RASSF1A methylation as a biomarker for detection of colorectal cancer and hepatocellular carcinoma.

BACKGROUND: Studies have validated the potential of methylated cell-free DNA as a biomarker in various tumors, and methylated DNA in plasma may be a potential biomarker for cancer.

AIM: To evaluate the diagnostic value of RASSF1A methylation in plasma for colorectal cancer (CRC) and hepatocellular carcinoma (HCC).

METHODS: A total of 92 CRC patients, 67 colorectal polyp (CRP) patients, 63 HCC patients, and 66 liver cirrhosis (LC) patients were enrolled. The plasma DNA was subjected to DNA extraction, double-strand DNA concentration determination, bisulfite conversion, purification, single-strand DNA concentration determination, and digital polymerase chain reaction (PCR) detection. The methylation rate was calculated. The diagnostic value was evaluated by the area under the curve (AUC).

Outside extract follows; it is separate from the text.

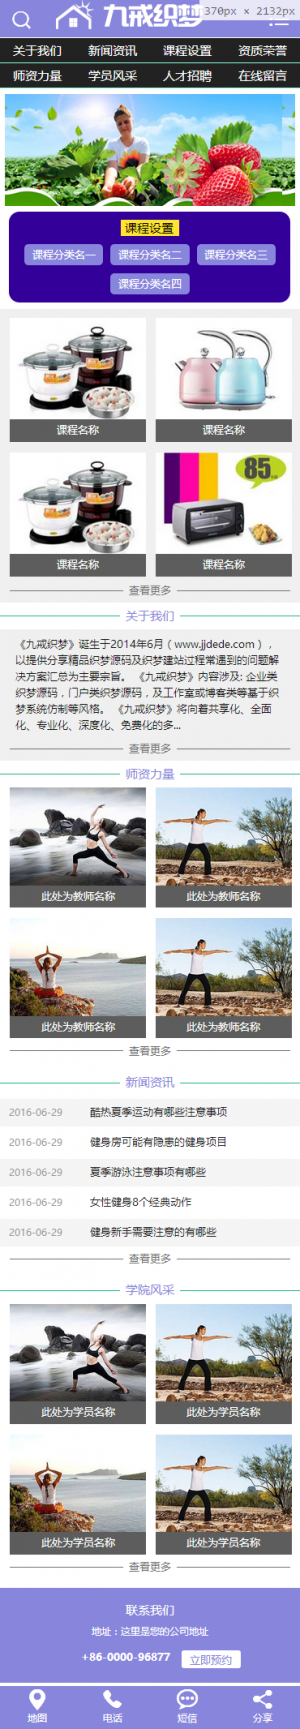 生活健身瑜伽类网站织梦模板(带手机版)手机端演示

RESULTS: The age and sex in the CRC and CRP groups and the HCC and LC groups were also matched. The DNA methylation rate of RASSF1A in plasma in the CRC group was 2.87 ± 1.80, and that in the CRP group was 1.50 ± 0.64. DNA methylation of RASSF1A in plasma showed a significant difference between the CRC and CRP groups. The AUC of RASSF1A methylation for discriminating the CRC and CRP groups was 0.82 (0.76-0.88). The AUCs of T1, T2, T3 and T4 CRC and CRP were 0.83 (0.72-0.95), 0.87 (0.78-0.95), 0.86 (0.77-0.95), and 0.75 (0.64-0.85), respectively. The DNA methylation rate of RASSF1A in plasma in the HCC group was 4.45 ± 2.93, and that in the LC group was 2.46 ± 2.07. DNA methylation of RASSF1A in plasma for the HCC and LC groups showed a significant difference. The AUC of RASSF1A methylation for discriminating the HCC and LC groups was 0.70 (0.60-0.79). The AUCs of T1, T2, T3 and T4 HCC and LC were 0.80 (0.61, 1.00), 0.74 (0.59-0.88), 0.60 (0.42-0.79), and 0.68 (0.53-0.82), respectively.

CONCLUSION: RASSF1A methylation in plasma detected by digital PCR may be a potential biomarker for CRC and HCC.